Kansas City Life Insurance Company
- Company type: Public
- Traded as: OTCQX: KCLI; Nasdaq: KCLI;
- Industry: Insurance & Finance
- Founded: 1895; 131 years ago
- Headquarters: Kansas City, Missouri, U.S.
- Key people: Web Bixby (president & CEO)
- Number of employees: 500
- Website: www.kclife.com

= Kansas City Life Insurance Company =

Public insurance company

Kansas City Life Insurance Company is a public insurance company established in 1895 and located in Kansas City, Missouri. The company's 1,400 agents market individual life, annuity, and group products through agencies located in 48 US states and the District of Columbia. Variable life, variable annuities, mutual funds, and other investment options are offered through a subsidiary, Sunset Financial Services.

== History ==
Beginning as Bankers Life Association in 1895, the company was founded by Major William Warner, President; J.H. North, Vice President; and S.E. Rumble, Secretary. Its headquarters were originally located in the Scheidley Building at Ninth and Main Street and later moved to the Navajo Building as the company expanded to Colorado and Minnesota.

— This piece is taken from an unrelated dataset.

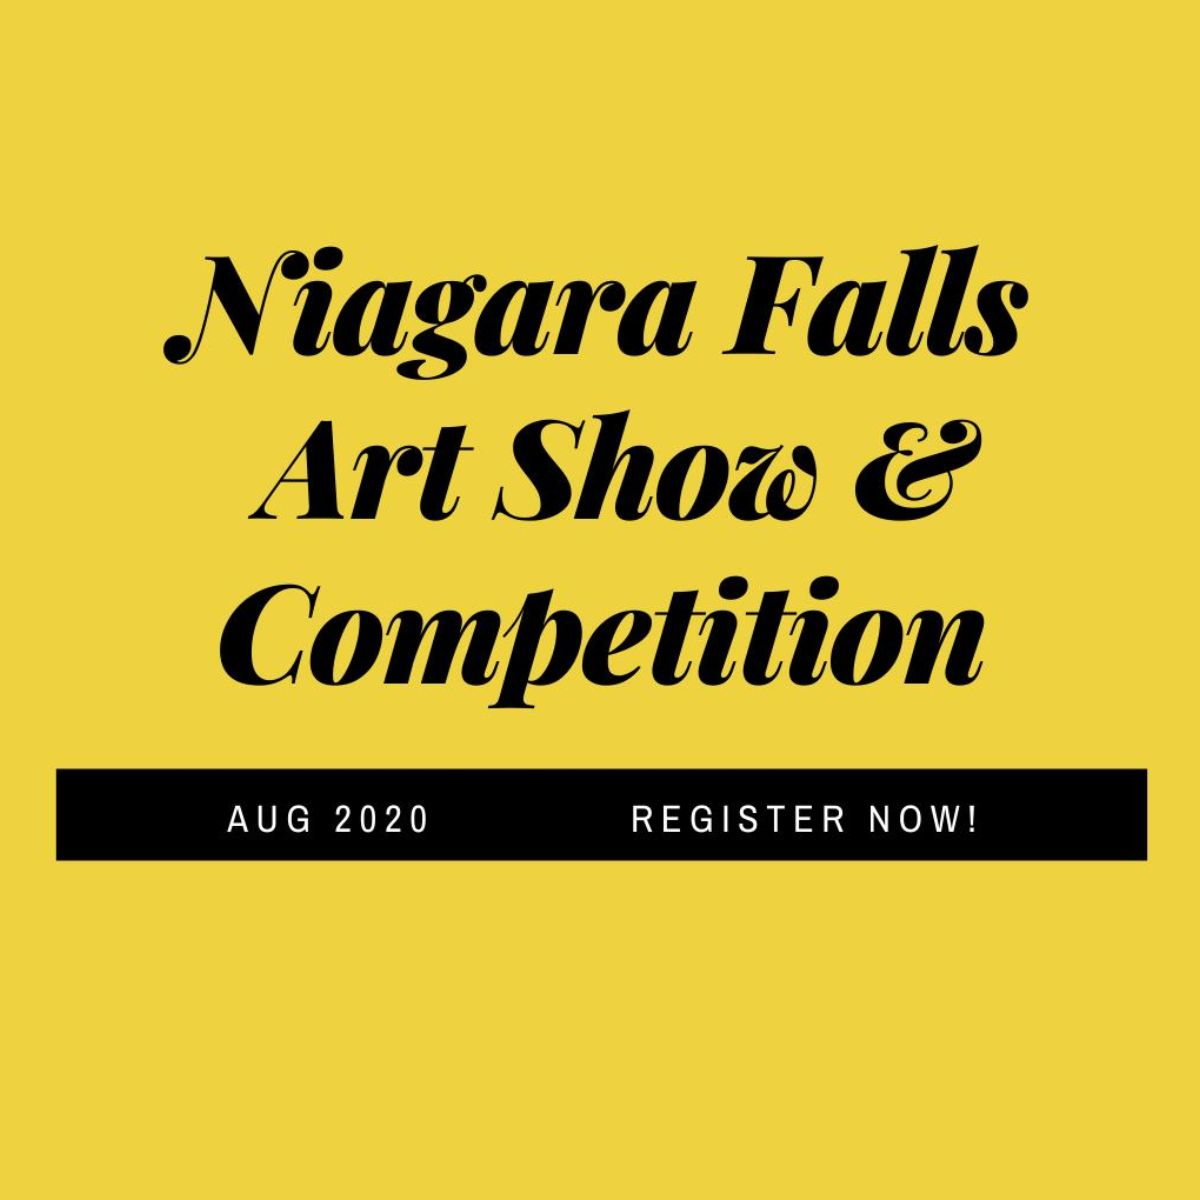 """Niagara Falls Art Show & Competition. Aug 2020. Register now!"""
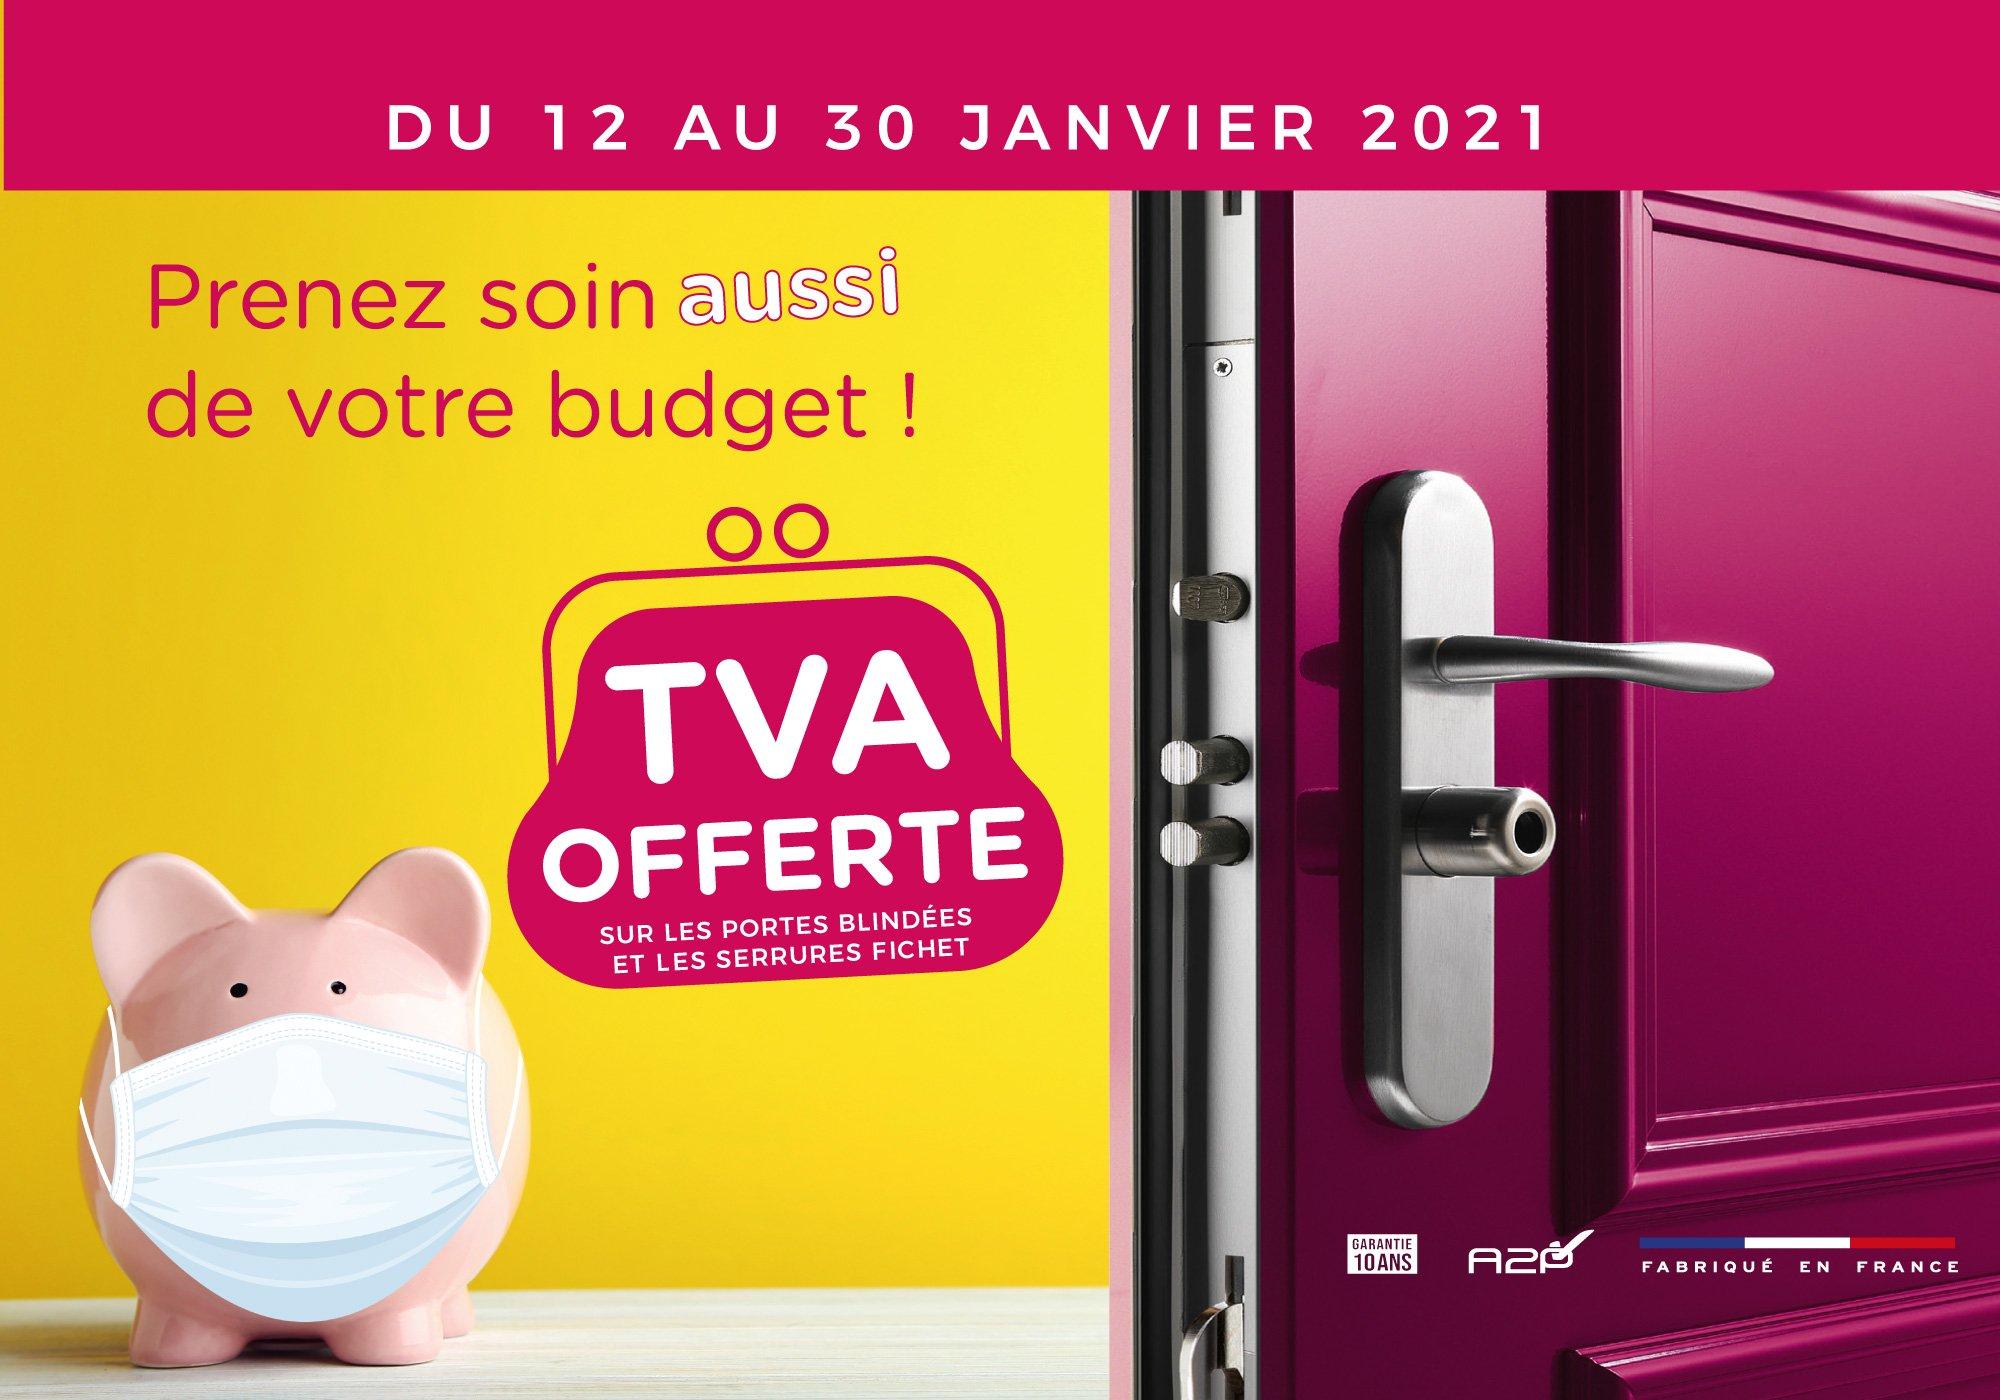 TVA offerte du 12 au 30 janvier 2021

In 1900, the company changed its name from Bankers Life Association to Kansas City Life Insurance Company.

== Litigation ==
In June 2019, after obtaining a judgment of $34 million for suing State Farm for overcharges in 2018, Stueve Siegel Hanson LLP and Miller Schirger, LLC filed lawsuit against Kansas City Life Insurance Co, alleging the company “systematically overcharged” clients.

In June 2019, two firms filed a class-action lawsuit against Kansas City Life Insurance alleging the company “systematically overcharged” customers without permission. “The policies may become unaffordable, leaving policy owners without life insurance when it is needed most,” the firms said in a joint news release.

In November 2019, a Kansas City Life Co. client filed a class-action lawsuit accusing the life insurance provider of charging fees in excess of the limits outlined in its contract on 01 of October 2018. Plaintiff J. Gregory Sheldon bought a Flexible Premium Variable Life Insurance Contract Nonparticipating policy from Kansas City Life in December 2000. In addition to a death benefit, the policy provides an interest-bearing component that accumulates value over time.

In May 2020, the Missouri Federal Court found that Kansas City Life Insurance Company (“KC Life”) wrongfully rejected a certified nurse anaesthetist's claims for both short-term disability (STD) and long-term disability (LTD) benefits. KC Life rejected the claim because the insured was fired from his job because he was, "so addicted to Fentanyl that he injects himself at work."

On Thursday September 21, 2023, a Jackson County, Missouri jury returned a verdict in favor of a class of 535 Kansas City Life Insurance Company policyholdersafter less than three hours of deliberations.

Following a one-week trial, the jury awarded all damages sought for three separate breaches of the policy totaling $9.5 million. The judgment will be for $4.1 million to account for duplicative damages.

The class action, Sheldon v. Kansas City Life Insurance Company, was brought on behalf of current and former policy owners of Century II Variable Universal Life issued in the state of Missouri. It alleged that the insurer overcharged policyholders for their life insurance in three ways.

The substantial verdict follows verdicts in favor of policyholders in May 2023 and in December 2022.

“Three courts have found that Kansas City Life has breached its policies and three juries have awarded damages of over $35 million,” Patrick Stueve, lead trial counsel for the policyholders. “We are preparing for our fourth trial which will likely be in mid-2024.”